# 180G with 44G sump need techincal approval



## Mrmofo (Feb 11, 2007)

just finnished what i think is reasonable, live in australia, atm the tank stays at 24.5 degrees without chiller cause of loss through pipes n stuff then heated up in final return but here is the specs

6x2x2 - 180 gal / 700Litre

5x aqua one 104 power heads (2000 lph per one) 10,000lph

2x 660 aquamaster (i think) (600lph per one) 1,200lph

1x[return from sump]helia 6655(6600lph 6000lph through head loss) 6000lph

1x [close loop]aqua one 2400 (2000lph through head loss) 2000lph
_________
19,200lph flow

1x bank of 6x t5's

1x 44gallons / 180 litre sump.

1xchullopra algea (dont know spelling and will give results / over growth to anyone in sydney that wants withint a reasonable distance when it starts growing)

1x [sump] 48 watt power compact = to 240watt 5000k for algea grow out




4x 300watt heaters in sump

1x sump 44gal / 90 litres




sump configeration is 4 sections



stage 1 - mechanical filtration

stage 2 - empty for time being

stage 3 - refugium

stage 4 - return pump

1x roll for plumbers tape

hoping to host the softies as im in love with the coraliamophs or how ever you spell it. i also plan on doin the old 'mangrove' skimmer trick to stay as natural + low energy as possible but if doesnt work ill be using the reefoctopus 200 series.

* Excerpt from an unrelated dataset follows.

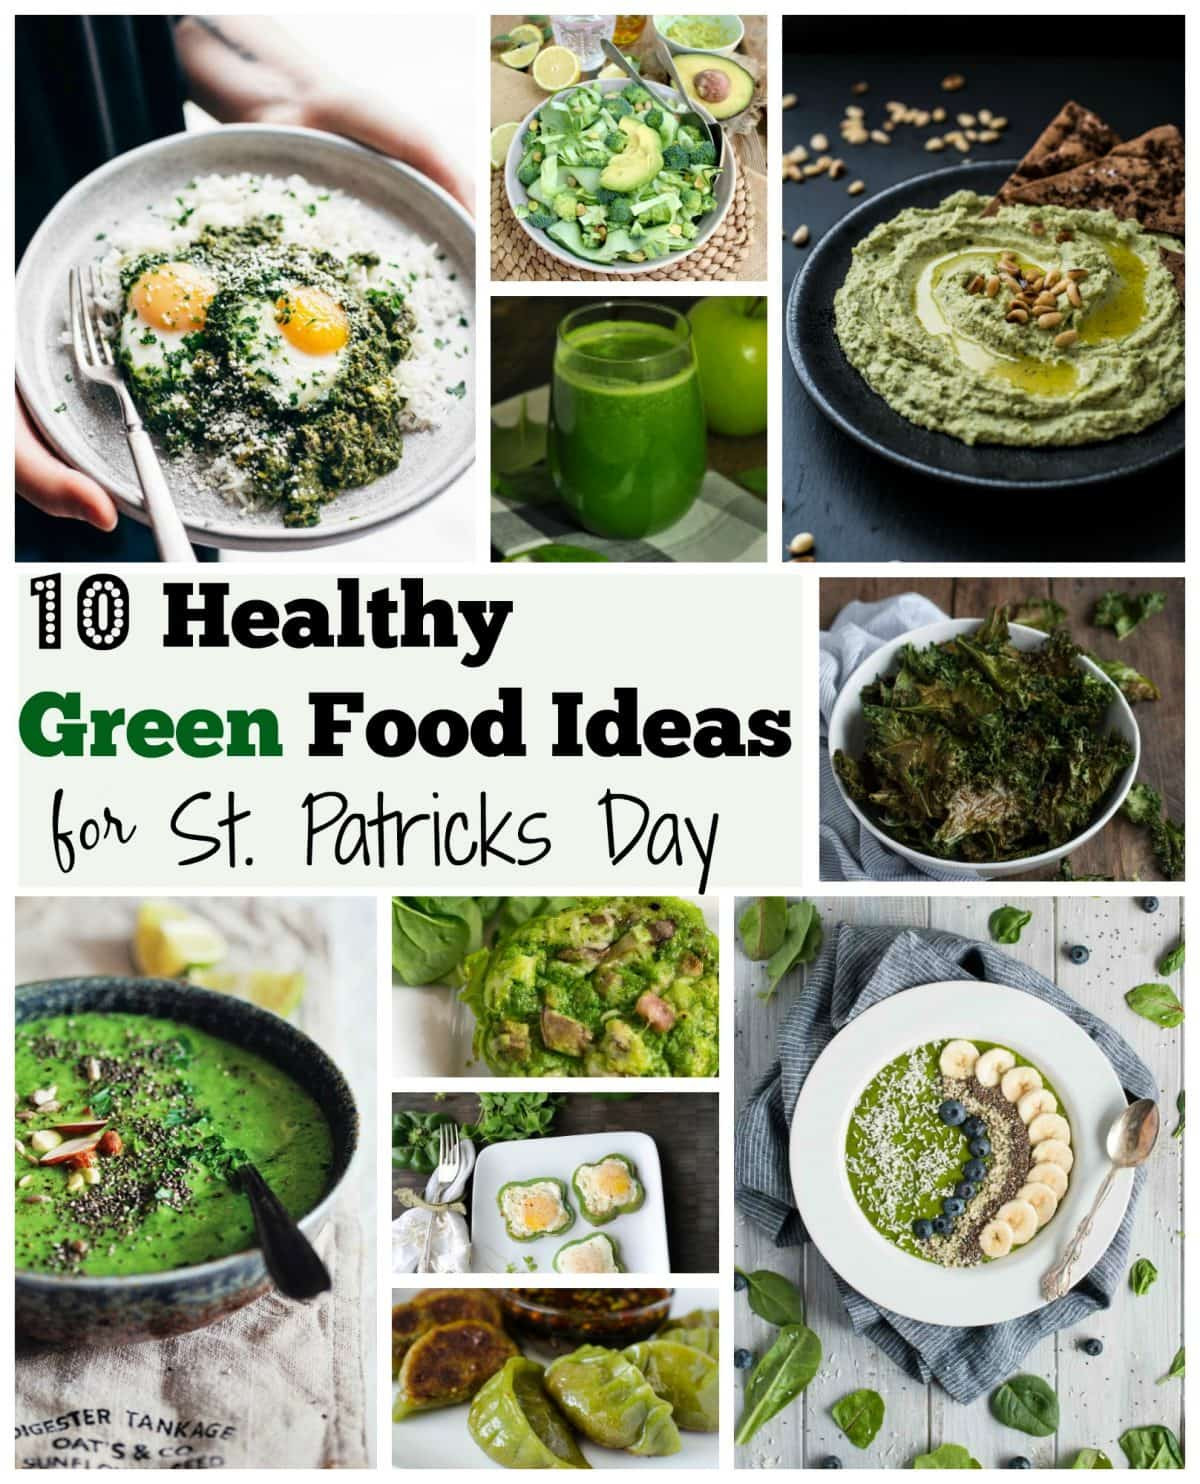 Green Food For St Patrick's Day
 10 Healthy Green Food Ideas for St Patricks Day

plz tell me if i missed anything as yea im still abit of a noob, i left room to put in controllers/probes later on. its been a great experience setting up my first big boy and anyone in sydney that is having any problems should see 

plumbing solutions:
- st george aquariums a guy named keren
- majestic aquariums

all glass needs inclueding tank:
- xtreme aquariums


live rock / tank stand
- Aquamaster Aquariums
ill be adding pics when my live rock is delivered, but just so exited that it is running, not leaking, not electrocuting, not falling apart or killing anything in any way shape or form

budget = $1500
real life = $2000

on an apprentice wage...

as these people have helped me so much for setting up the tank and stil would just be a big glass if they didnt help me asmuch as they did


----------



## assualt911 (Jul 15, 2007)

wow thats cold :blueshake: :blueshake: :blueshake:


----------



## Mrmofo (Feb 11, 2007)

good or bad thing? i can up it easily because without heaters it sits at about 23 degrees...im talking celcius


----------